A Manila-based pro-environment think-tank expressed support for the plan of the Asian Development Bank to explore ways to retire coal facilities in the region.
The activist group, however, urged the Bank to clarify its plan that entails the setting up of a “carbon reduction facility” that would buy and operate existing coal-fired power plants.
“When ADB made an announcement in May that it will no longer fund coal and would instead seek to support the phaseout of existing coal power plants in the region, we welcomed it as recognition of the Bank’s obligation to atone for having fueled massive coal expansion in Asia in decades past,” said Gerry Arances, executive director of the Center for Energy, Ecology, and Development (CEED).
“Now, we hope to understand why it intends to do this with a buy-out scheme which, on first impression, is incompatible with its no-coal policy,” he added.
Arances said that with the scheme, “ADB is effectively going to finance and even take part in the operations and share in the profits of these projects for another 15 years.”
The multilateral development bank and other key financial institutions have earlier expressed their intention to pursue a scheme to buy out coal power plants and wind them down within 15 years.
The goal is supposedly to allow the countries to shift to renewable energy, with ADB now allotting up to US$1.7 million to conduct feasibility studies on the cost of early closures of coal plants.
In a letter addressed to ADB regional climate and energy executives, Arances inquired about the status of the Bank’s feasibility studies on coal phase-out.
He also sought clarification on the “operational changes” that will be implemented in power plants that are considered for the buy-out scheme.
“A 15-year winding down period means exposing the power sector to 15 more years of unreliable, inefficient, and pollutive [power plants],” read CEED’s letter to ADB.
The group also pointed out that under the scheme, companies behind the operating coal plants are meanwhile “[absolved from] internalizing the negative externalities and social costs brought about by the pollution that they create.”
CEED questioned ADB’s decision to work with finance institutions still channeling financial support to the coal industry.
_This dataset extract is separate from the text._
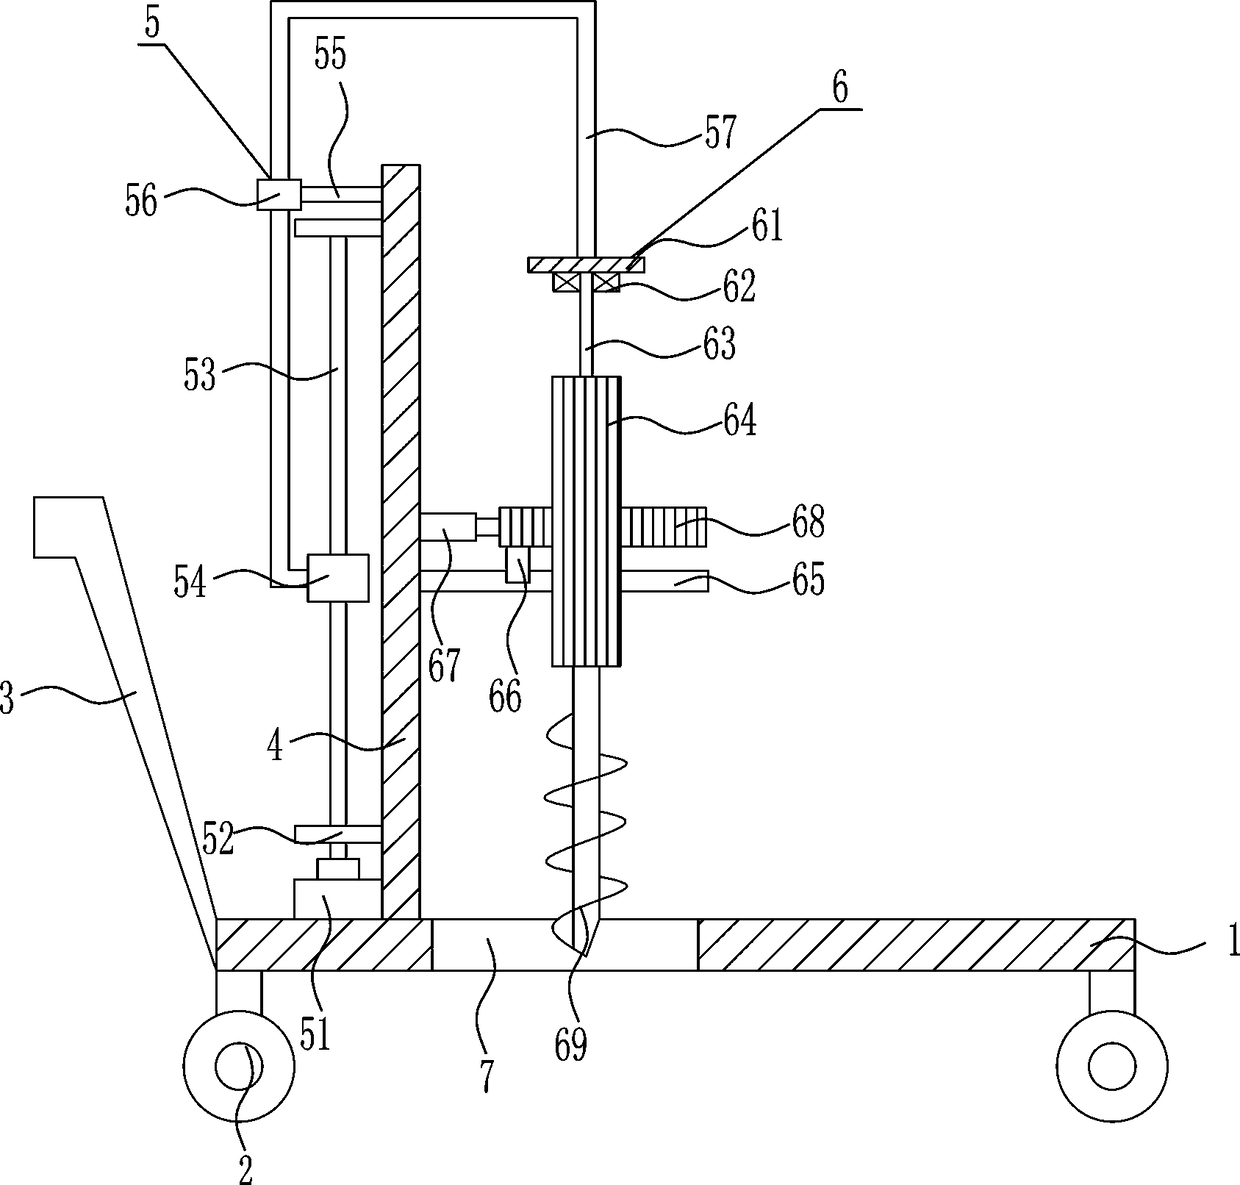 Soil sampling device for laying of hydraulic engineering pipelines

“It seems counterintuitive that in its coal retirement initiative, ADB is partnering with the same financial institutions who are still funding new coal-fired power plants in the Philippines,” read the group’s letter.
Civil society and coal-affected communities will continue engaging the bank to ensure 1.5°C aligned energy development directions, be it in ADB’s coal phase-out plans or its ongoing energy policy update process, the group said.
“The immediate and just phase-out of coal and transition to clean and affordable energy from renewables in climate-vulnerable Philippines and the rest of Asia must be the ADB’s priority in all its energy related initiatives,” said Arances.